Central banks also have new powers that may allow them to better monitor and detect issues in the world economies. The Federal Reserve gained further oversight authority under the 2010 Dodd-Frank Act, and the European Central Bank is on its way to becoming European banks’ chief regulator. The Bank of England will also merge with the U.K.’s Financial Services Authority to oversee Britain’s financial markets, according to OregonLive.

King played a crucial role in the 1990s reforms in which the Bank of England, which stopped supervising banks in 1997, aimed to bring inflation to two percent. He also taught at MIT and the London School of Economics before becoming the bank’s chief economist through most of the 1990s. King began as the bank’s deputy governor in 1998 and governor in 2003.

Carney, the chairman of Canada’s Financial Stability Board, carried the Canadian economy through the worst financial downturn since the Great Depression, and while banks around the world were collapsing, Canada’s banks remained relatively stable and sound.

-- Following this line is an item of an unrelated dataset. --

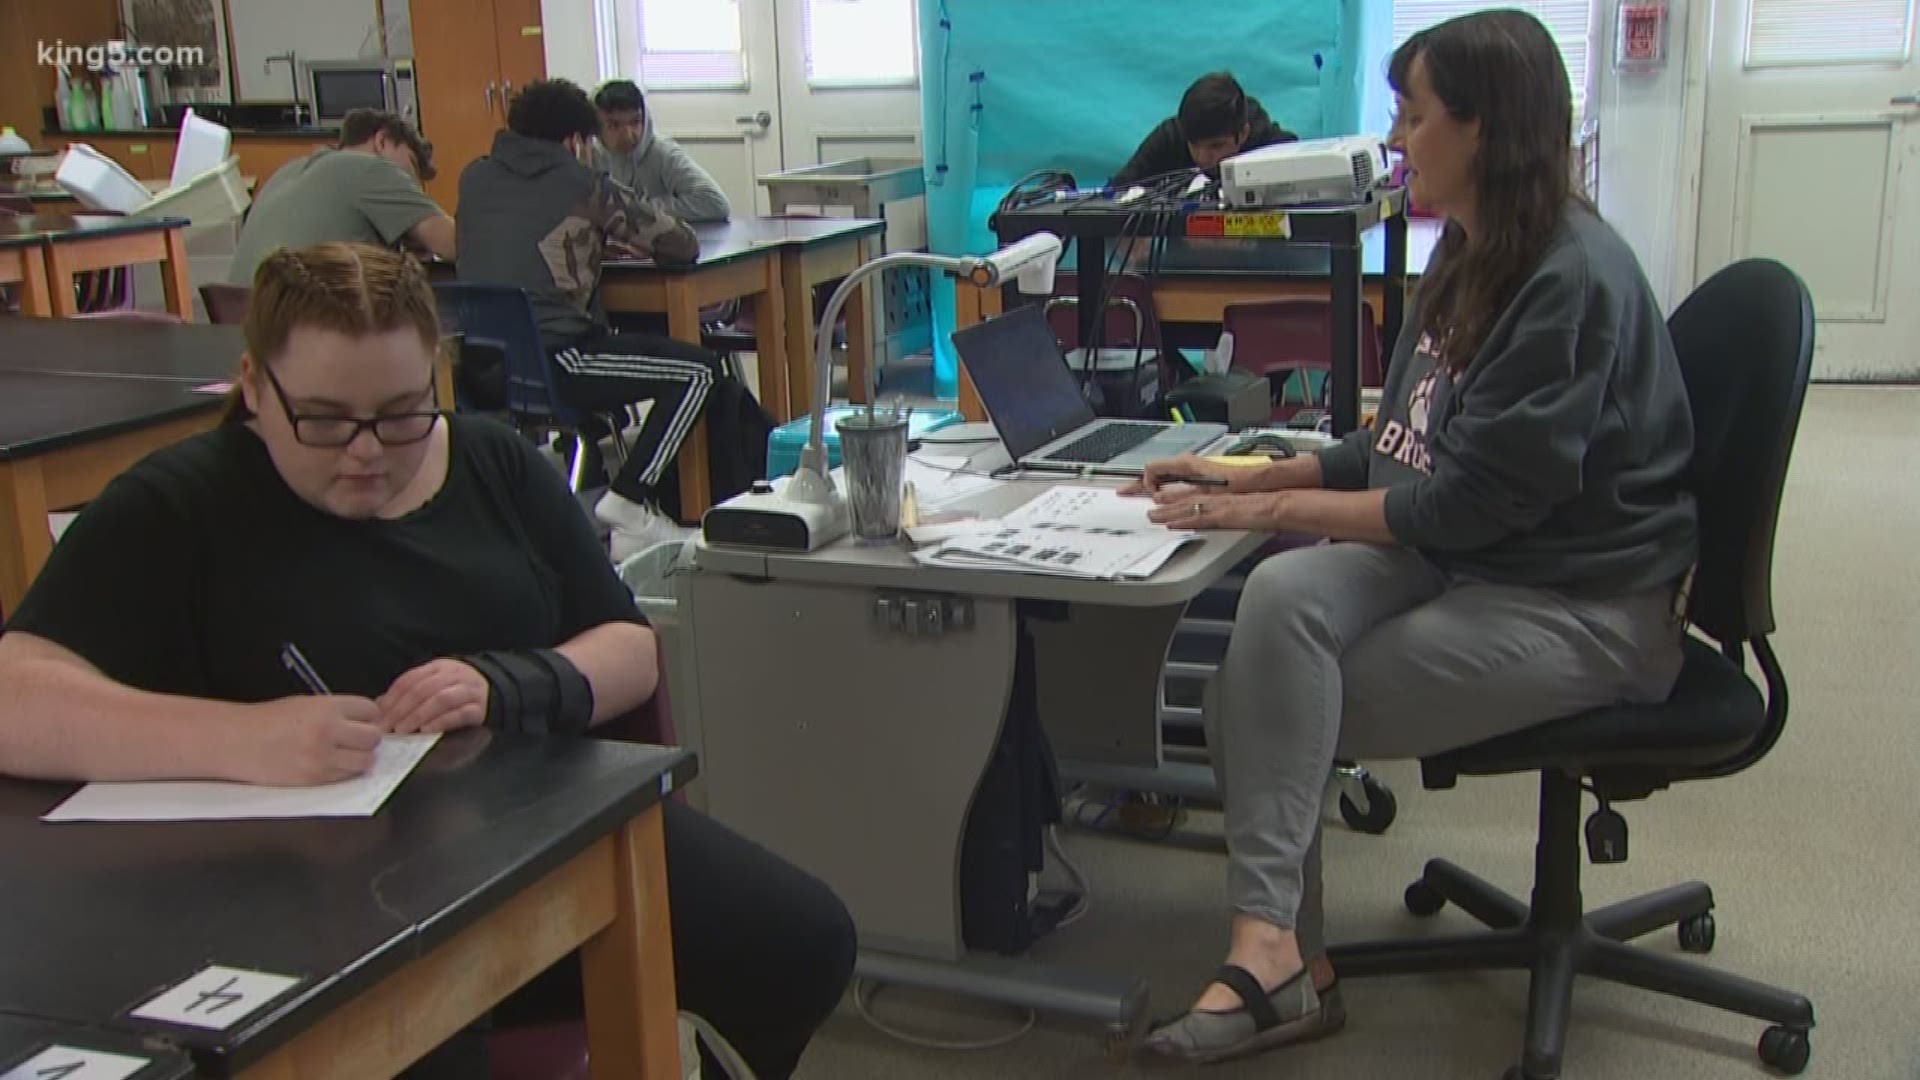 With the school year winding down, students are taking final exams and preparing for the year ahead. In the Everett School District, students are also learning things about themselves they may never have known. The district is evaluating something called "Social Emotional Learning." KING 5's Eric Wilkinson reports.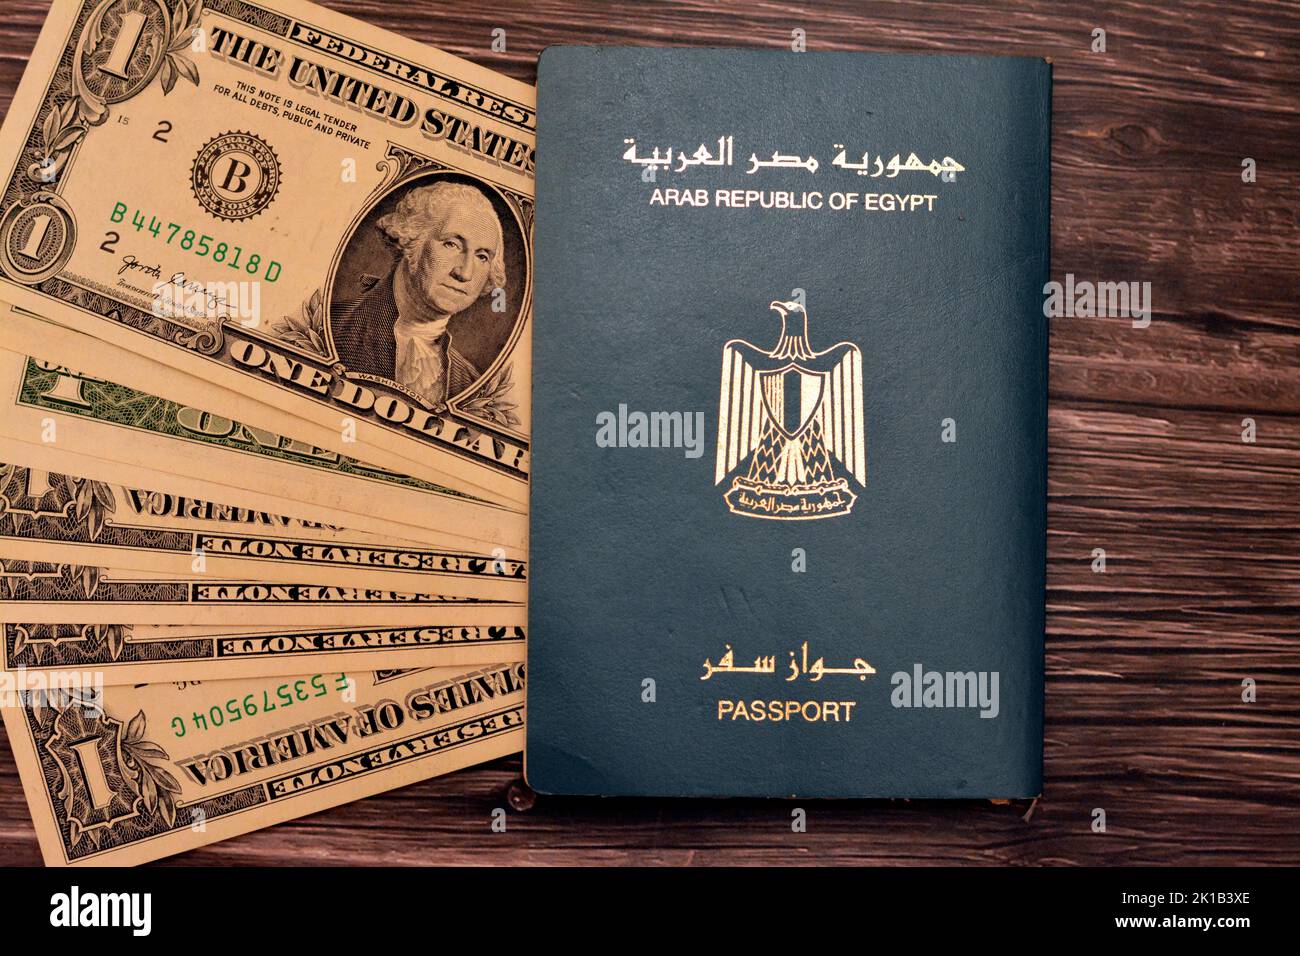 Egyptian passport with American dollars of 1 $ one United states money banknotes isolated on wooden background, Arab republic of Egypt's passport with Stock Photo

Carney has extensive experience in financial markets apart from his time as a central banker. He spent 13 years with Goldman Sachs and has a Ph.D. in economics from Oxford, though he never worked as an academic economist, OregonLive reports.

The decision by the U.K. to bring Carney in as head of the nation’s central bank indicates that Britain is willing to go abroad to find the best talent suited to the position of regulating its financial markets. Additionally, the decision demonstrates that governments have put increased value on the broad experience of their central bankers.